1970 lerde yerleştiğimiz Beykoz, çocukluk ve delikanlılık anılarımla dolu, Bakırköy, Üsküdar, Eminönü, Beşiktaş, Kadıköy, Beyoğlu, Fatih, Sarıyer, yani anlayacağınız eski İstanbul oyun bahçemiz gibiydi. İstanbul hem ana hem baba, hem de bir sevgili gibi, aradan yıllar geçti. Bu gün o İstanbul nüfus ve yerleşim bakımından ona katlandı. Milyonlarca ben Ülkemin birçok yerinden bu kente akarken, yine on binler çevre ülkelerden anayurdum deyip İstanbul’ a yerleşti.
Yüzlerce kültür, yüzlerce yeni kelime bu coğrafyanın tüm zenginlikleri İstanbul’ da buluştu.
Gelenekler, kültürler, folklor, iç içe İstanbul’ un tarihinden gelen Kültürel zenginlikleri de kendine katarak yoluna devam etti ve devam ediyor.

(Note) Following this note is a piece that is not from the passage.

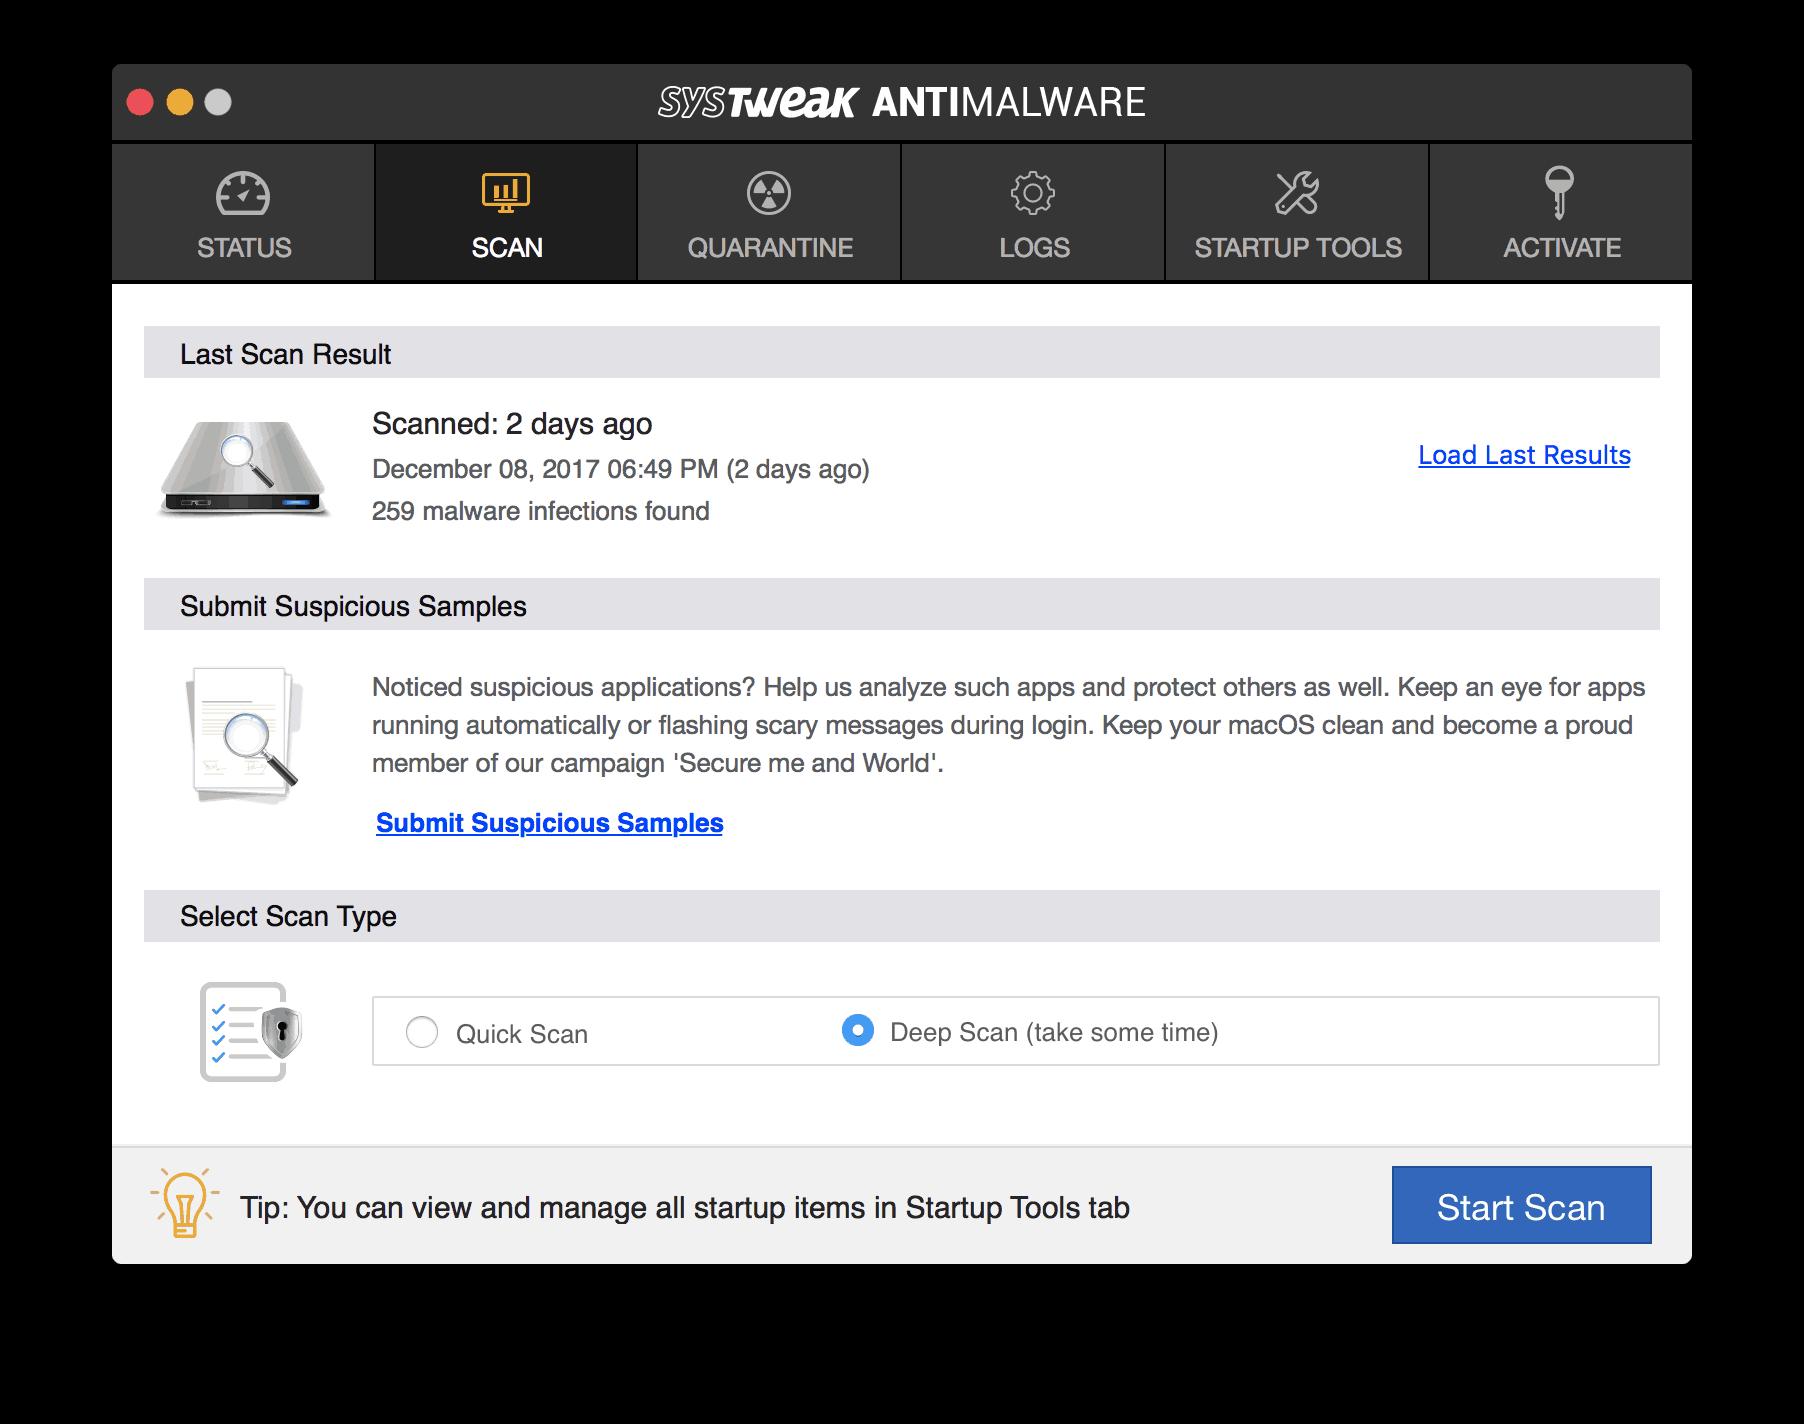 systweak antimalware for mac in darth miner

Bizler geldiğimiz kentlerin kültürlerini kente taşırken bizlerin çocukları yeni nesil daha bir zengindi. Onlar doğdukları, bu kentte büyürken birçok bölgeden gelen kültürleri kendi kültürleri olarak benimseyip daha zengin bir kültürel dokuya ulaştı. O gelişimi bizler bazen tedirginlikle, bazen korkularımızla karşılasak ta, suyun yatağında aktığı gibi aktığını çokta gözlemledik diyemem.
Geçtiğimiz aylarda yaşanan gençlik hareketlerinde ki olgunluk, onların yaşlarından beklenmezken hala buna anlam veremeyen anlamlandıramayanlarımız olduğunu gözlüyoruz.

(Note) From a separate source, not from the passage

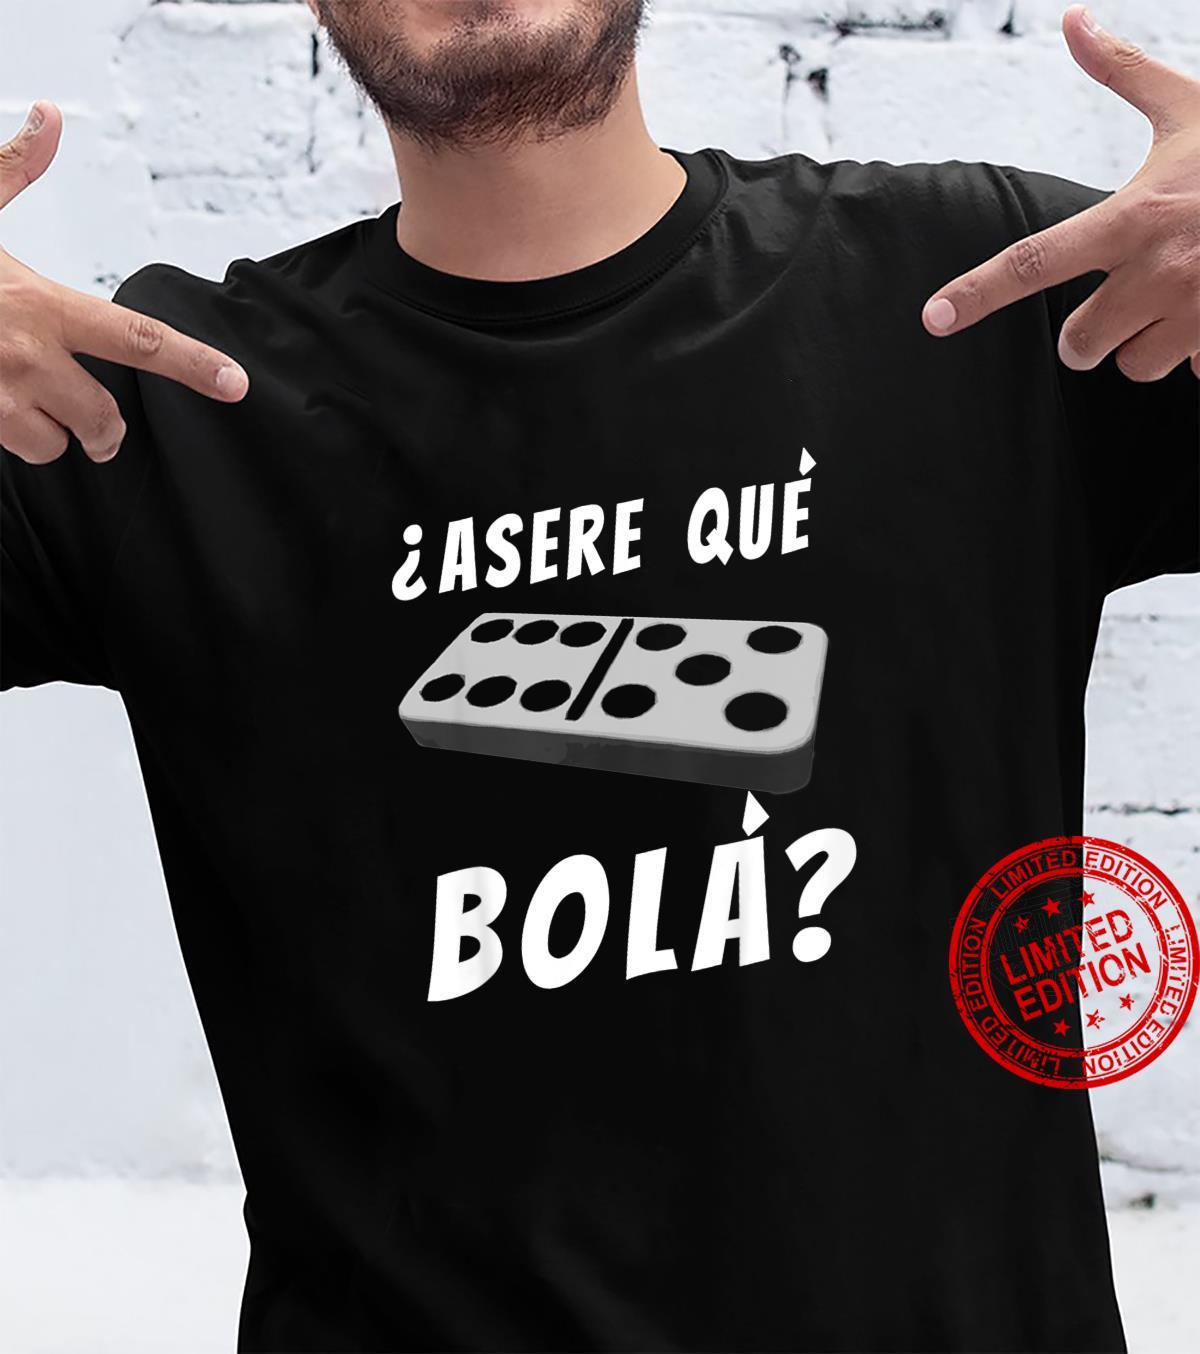 Kids Cuban Saying Miami Florida Cuba Dominoes Domino Game Shirt

Geldiğimiz coğrafyanın ve yetiştiğimiz dip kültürünün hırçınlığı ile olayları karşılamaya, kafamızdaki gençlik varmış gibi değerlendirmeye ne yazık ki hala devam edenler var. Anlayamadığımız 1980 sonrası köylerden kentlere akışın getirdiği İstanbul örneğinde olduğu gibi ülkenin birçok kentinde bu etkileşimin yaşandığıdır.
Yeni bir kuşak yetişti. Onlar kavga istemiyor, onların ayrısı gayrısı yok, insan odaklı yaşadığı dünyayı kardeşlik dokusuyla yaşamak, onlarca uygarlığın doğduğu bu topraklara yeni bir uygarlık hediye ederek, İnsanlığa yeni bir uygarlığın kapılarını aralamak.
Biz büyükler ellerimizle yeşerttiğimiz bu güzelliği kollarız umarım.
Yıllar önce ilk ilk ayak bastığım Üsküdar, 23 yıldır yaşadığım şehir oldu.
Yaklaşık on yıldır, bu ilçede yazıyorum çiziyorum eleştiriyorum, ancak sevginin ve saygının her şeye rağmen egemen olduğunu görmek İstanbul’ u Üsküdar’ı ayrıcalıklı kılıyor. İstanbul’ lu olmak ayrıcalıklıdır.
Bizden geriye bir hoş seda bırakabilmişsek ne mutlu, sevgiye kalın.